En eso se empeña el padre. En intentar convencer a su hijo de que será un momento. Nunca lo es. Y menos en una guerra compleja. Les supongo al tanto, aunque sea grosso modo, sobre el pasado común, la formación de Ucrania, los años de colonización rusa, la era soviética y la independencia. Es un asunto complejo. En algunos refugios coincidirán familias de uno y otro bando, convencidos de que cada cual lleva la razón. Nosotros estamos con Ucrania.
Ni la más mínima empatía
Aunque eso a Putin le da igual. Será loco y sádico. Pero no tonto. Juega con los sentimientos, los rencores pasados y los miedos heredados. Por eso está el padre hablando con el niño. Porque la panda de psicópatas que dirigen los países poderosos, y los no tan poderosos, carecen de la mínima empatía. Así que me temo que ese niño, cuando sea abuelo, sentirá lo mismo que mi abuela. Ojalá no me equivoque. Al menos significará que sigue vivo.

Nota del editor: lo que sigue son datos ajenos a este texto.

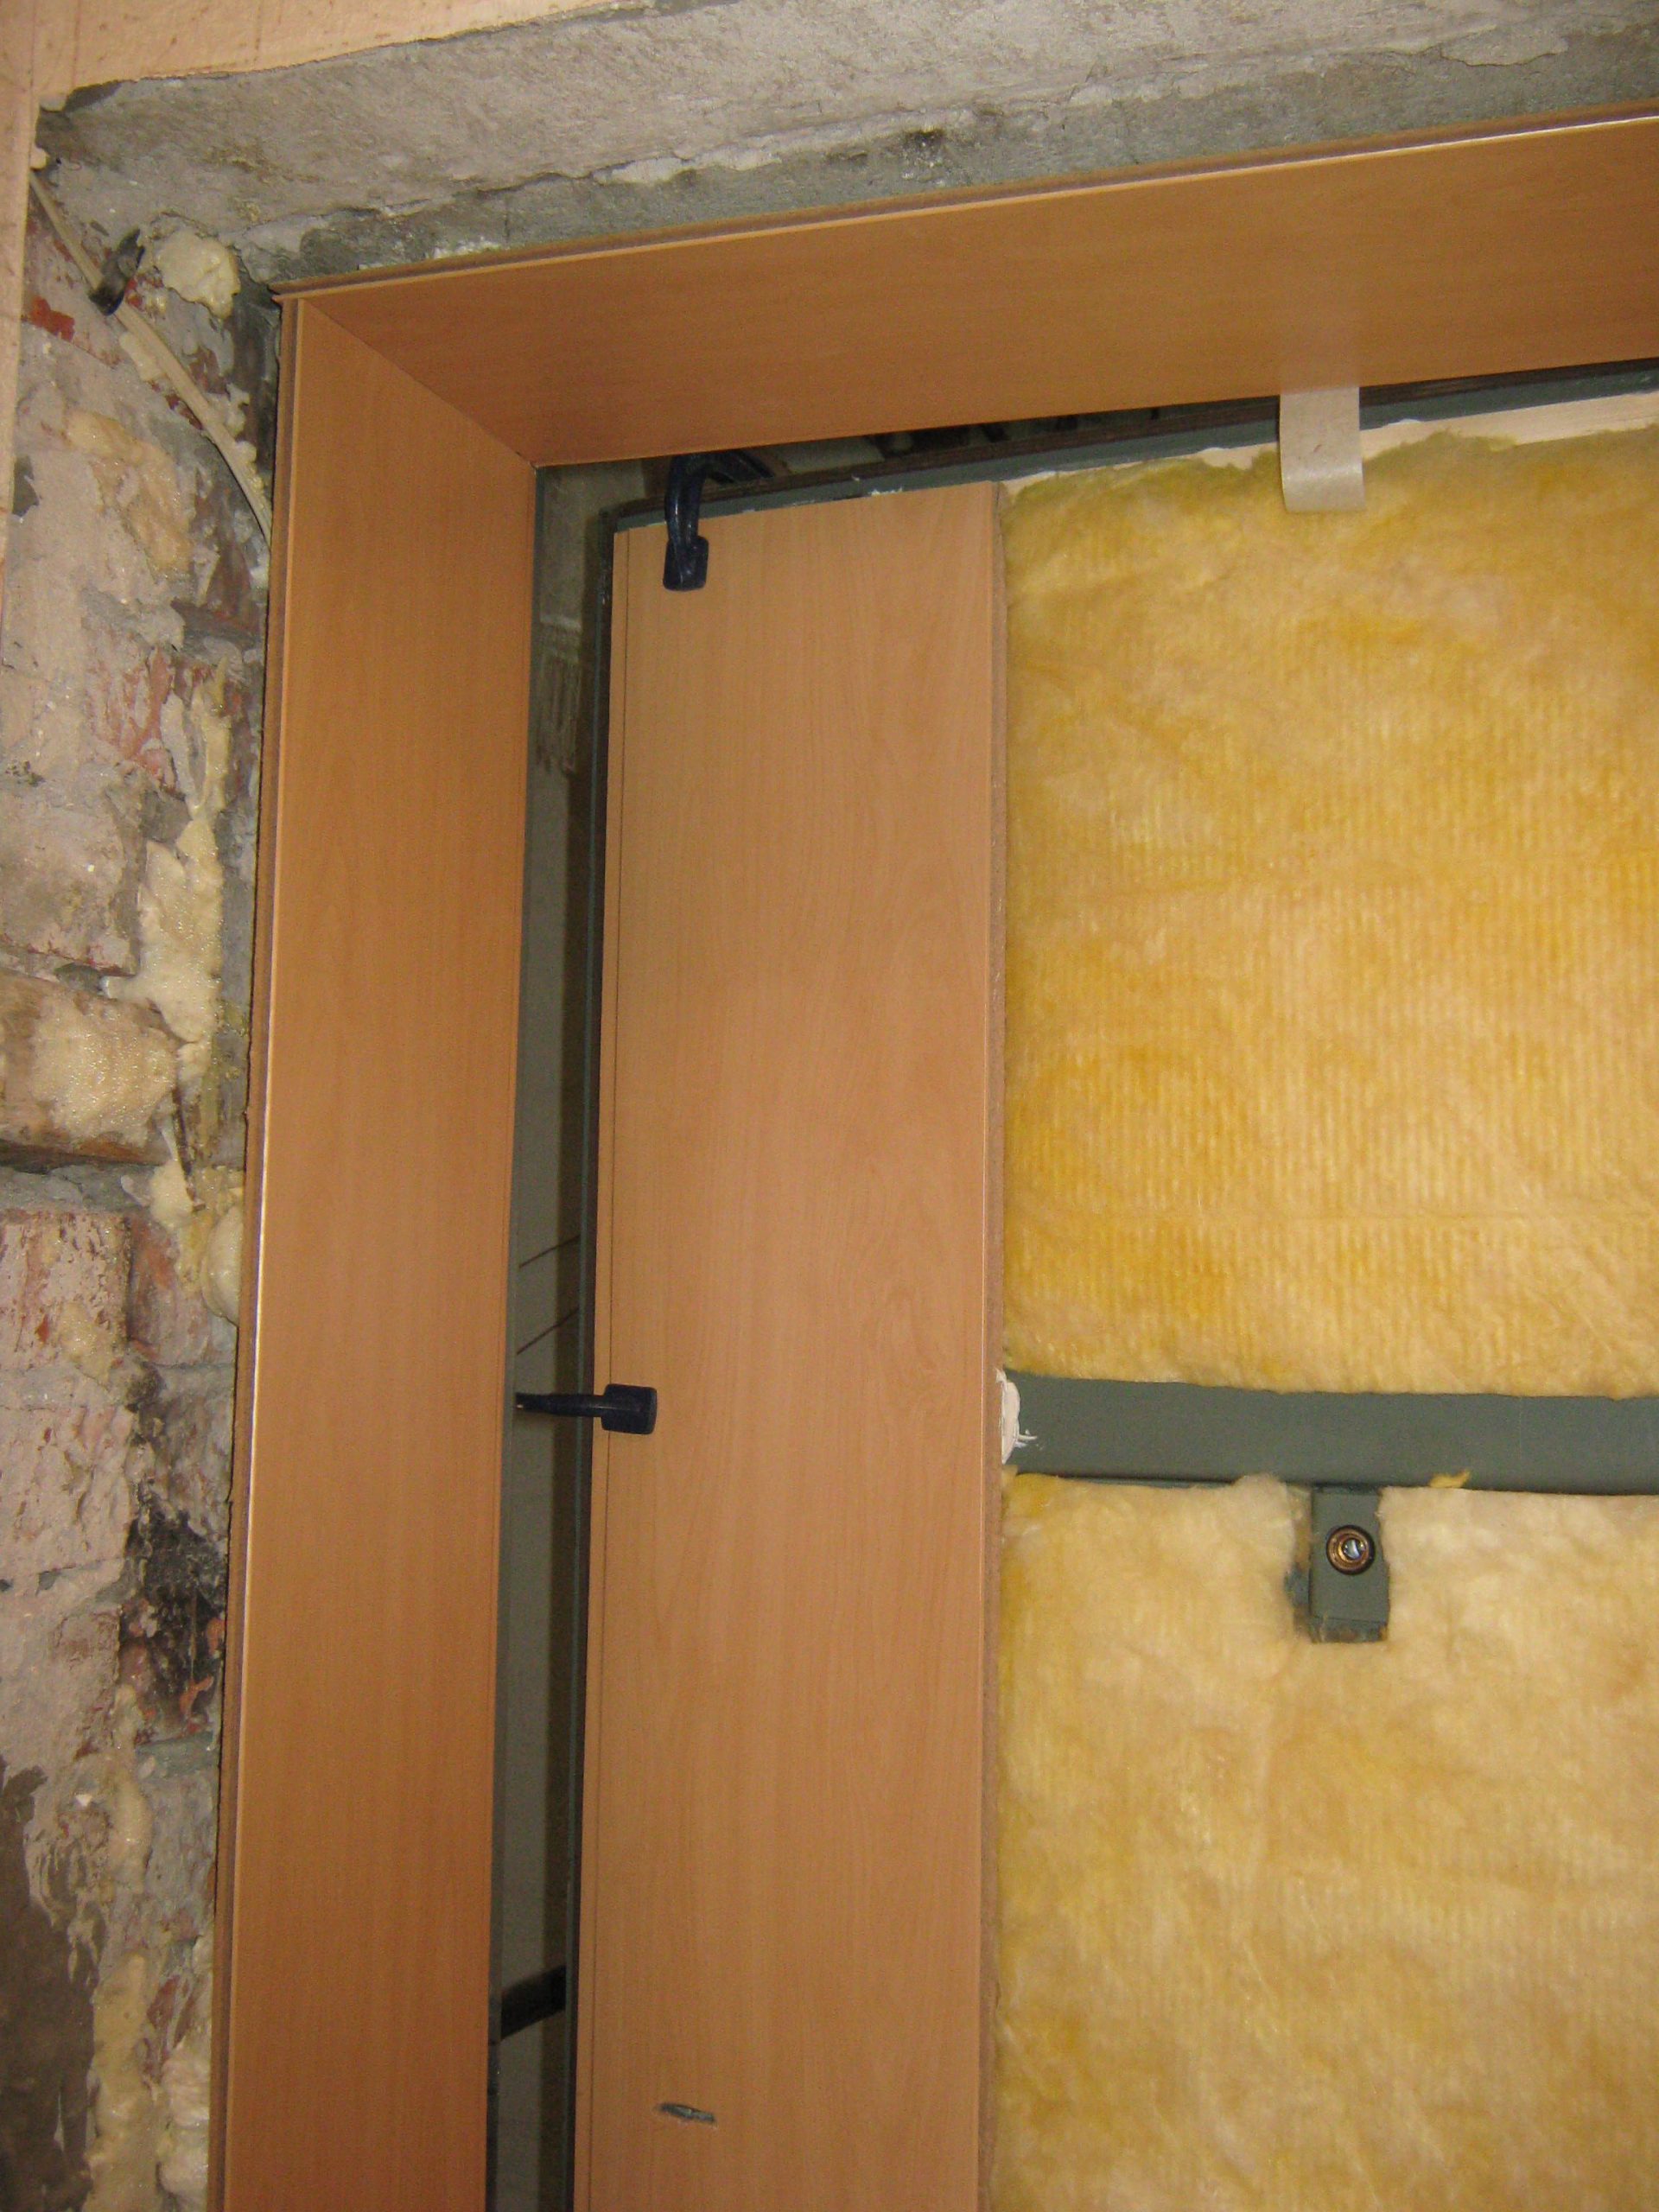 Откосы для входных дверей из мдф и другие варианты отделки стен изнутри и снаружи: как сделать своими руками после установки дверной конструкции в квартире?

«¿Por qué no quieres subir en ascensor, amama?», preguntábamos en el descansillo los nietos. «Prefiero ir andando», respondía ella. Tardamos en saber la razón. Claustrofobia. Así la llamaban los adultos. En realidad era otra cosa. Trauma. El que nació durante el bombardeo de Gernika. En realidad sufrió, como tantos, otras lluvias de bombas y morteros de la infame Guerra Civil. Como no quería hablar de ello, tampoco señaló el lugar. Solo sabemos que le pilló aquél lunes infame. Gritos desesperados, estruendo de bombas, ametralladoras de aviones, humo y fuego. Cualquier agujero era refugio.
Incluido aquél túnel que sirvió de refugio. Estaba oscuro. Y lleno. Cada vez llegaba más gente llorando y pidiendo su hueco. No cabían. Pero seguían entrando. Al fondo, mi abuela aferrada a las cantinas de leche. Ahogándose, literalmente, por la presión de los cuerpos temblorosos. No podía respirar. Gritaba que necesitaba salir fuera. Que prefería morir por las bombas que por falta de aire.

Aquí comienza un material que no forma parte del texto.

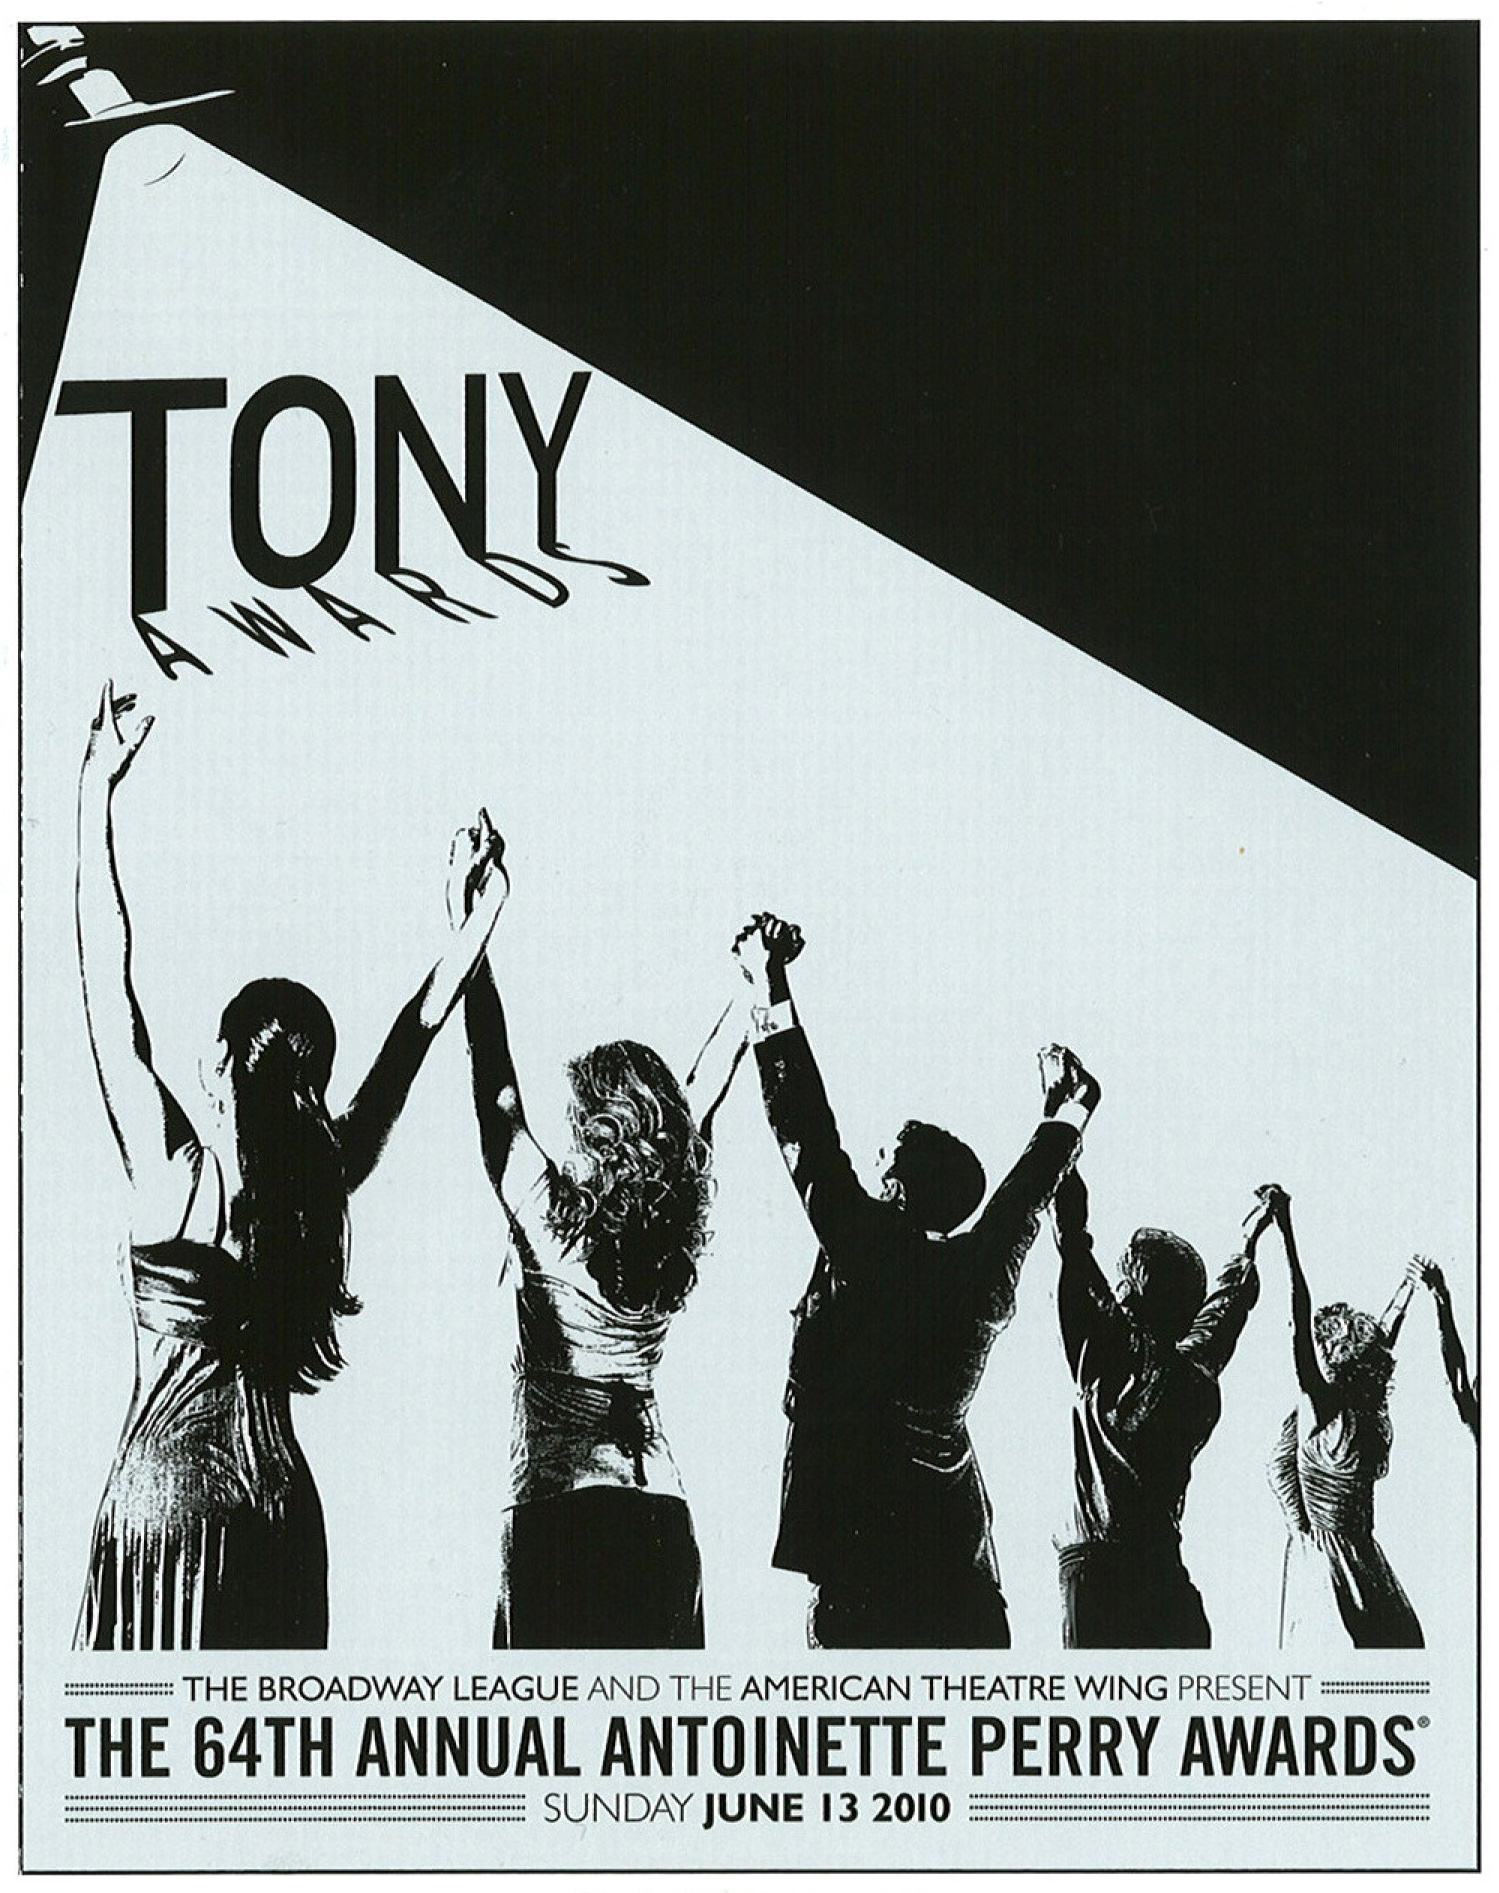 The 64th Annual Tony Awards

No sabemos cuánto tiempo estuvo allí. Debió ser la eternidad. Al menos para ella. Superó el siglo de vida, pero no fue suficiente para borrar el trauma. Cada vez que veía un ascensor recordaba aquél túnel. Y elegía las escaleras. Por eso no me quito de la cabeza la fotografía del niño con su padre en un metro de Ucrania. Las guerras empiezan, pero nunca terminan. Siempre quedan los traumas. Sea en el cuerpo o en el alma.